Results for ""
These are the year's most intriguing AI research publications. It combines breakthroughs in artificial intelligence (AI) with data science. It is chronologically arranged and includes a link to a longer article.
There have been many different applications for multimodal natural language processing, but only some studies have focused on multimodal relational lexical semantics. The researchers' initial attempt to use visual cues to identify lexico-semantic relationships, which represent language phenomena like synonymy, co-hyponymy, and hypernym, is proposed in this study.

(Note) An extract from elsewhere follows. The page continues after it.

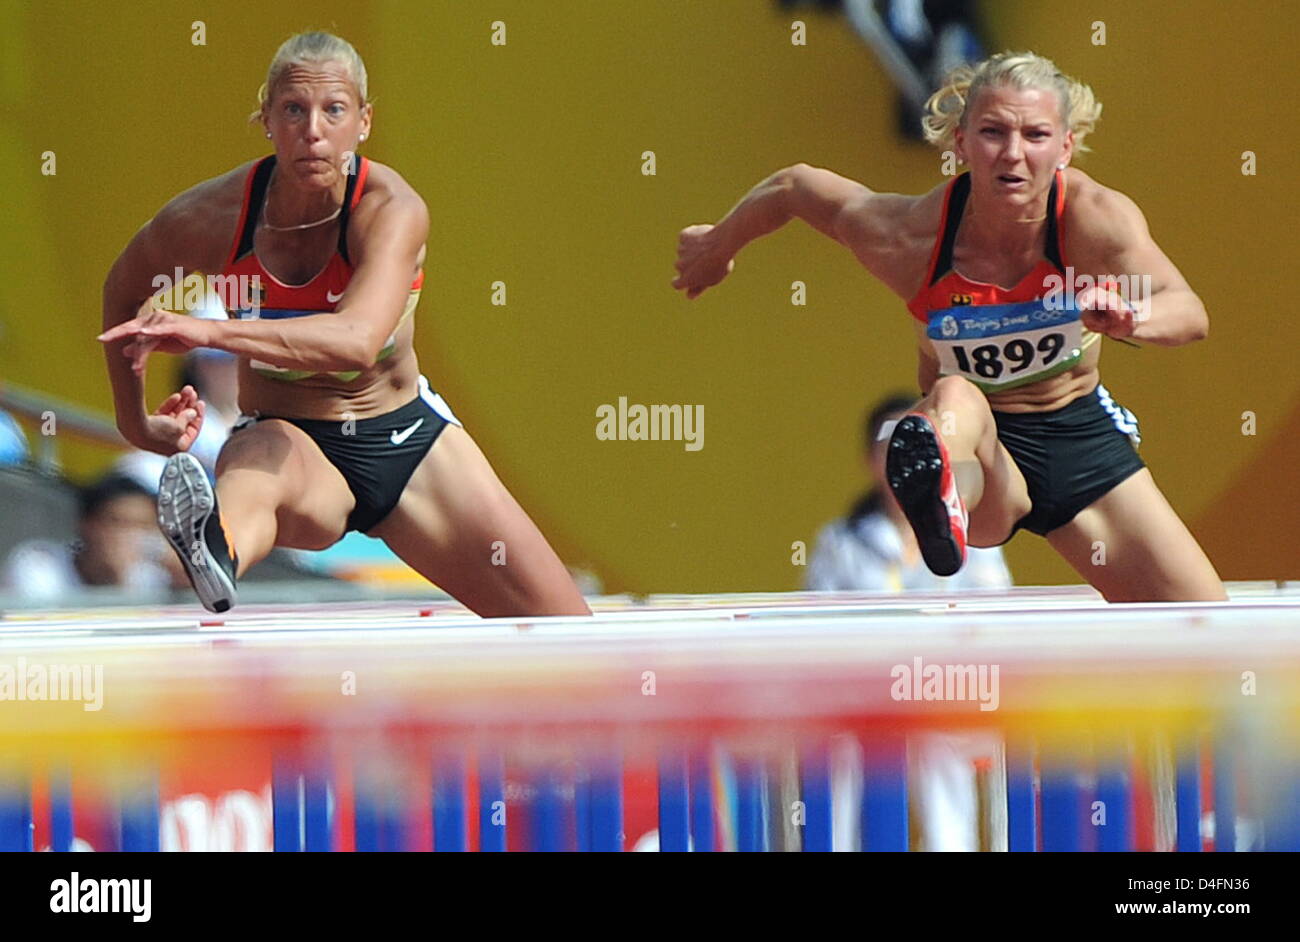 German Jennifer Oeser (L) and Lilli Schwarzkopf (R) compete in the women's heptathlon 100m hurdles of the Athletics events in the National Stadium at the Beijing 2008 Olympic Games, Beijing, China, 15 August 2008. Photo: Karl-Josef Hildenbrand dpa (c) dpa - Bildfunk Stock Photo
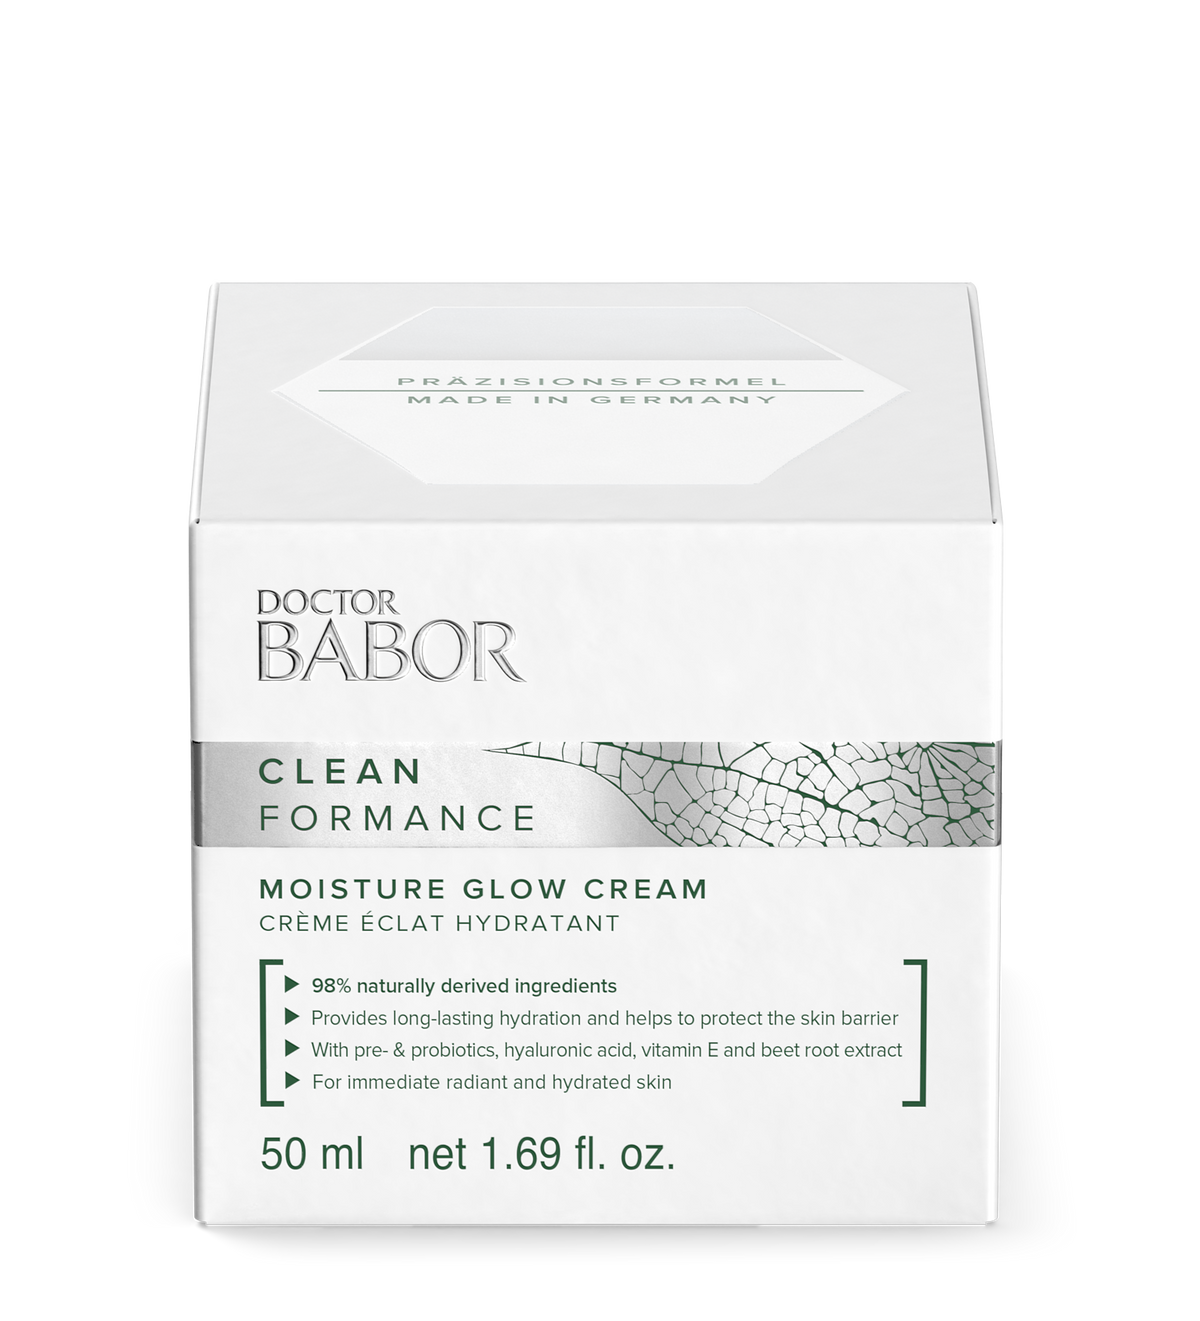 This rapidly absorbing and lightweight face cream balances skin’s microbiome to combat premature aging and delivers long-lasting moisture. Light-reflecting pigments even skin tone and create a glowing, healthy looking complexion.

The researchers suggest that visual information can supplement the textual information of the semiotic textology linguistic theory. At the same time, conventional approaches make use of the paradigmatic system. To do this, the researchers automatically add visual information to two gold-standard datasets and create several fusion algorithms to mix textual and visual modalities using the patch-based approach. Experimental findings using multimodal datasets show that visual information can reliably boost performance by filling semantic gaps in textual encodings.
Multilingual, Multimodal and Multi-Aspect dataset of Social Media Short Videos
The researchers provide 3MASSIV, a multilingual, multimodal, and multi-aspect collection of various short videos pulled from the Moj short-video social media network. The 50k short videos (with an average duration of 20 seconds) and 100k unlabeled videos in 11 different languages that make up 3MASSIV capture the most common short video trends, such as pranks, fails, romance, and comedy, in original audio-visual formats like self-shot videos, reaction videos, lip-synching, and self-sung songs, among others. Moreover, by annotating these unique videos for concepts, affective states, media types, and audio language, 3MASSIV offers a chance for multimodal and multilingual semantic understanding.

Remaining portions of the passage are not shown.